■ Material provided ■
──────────

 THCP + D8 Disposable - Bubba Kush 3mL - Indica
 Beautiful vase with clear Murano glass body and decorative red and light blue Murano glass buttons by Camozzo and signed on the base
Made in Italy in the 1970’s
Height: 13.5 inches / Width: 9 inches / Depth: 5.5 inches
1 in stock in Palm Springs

──────────

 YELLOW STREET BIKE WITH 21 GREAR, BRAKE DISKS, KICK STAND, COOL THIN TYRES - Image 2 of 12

──────────

■ What this task involves ■
Beginning at the line with "THCP + D8 Disposable" and stopping after the line with "1 in stock in Palm Springs", please write out every line of the data above exactly and nothing else.

■ Solved problem ■
 THCP + D8 Disposable - Bubba Kush 3mL - Indica
 Beautiful vase with clear Murano glass body and decorative red and light blue Murano glass buttons by Camozzo and signed on the base
Made in Italy in the 1970’s
Height: 13.5 inches / Width: 9 inches / Depth: 5.5 inches
1 in stock in Palm Springs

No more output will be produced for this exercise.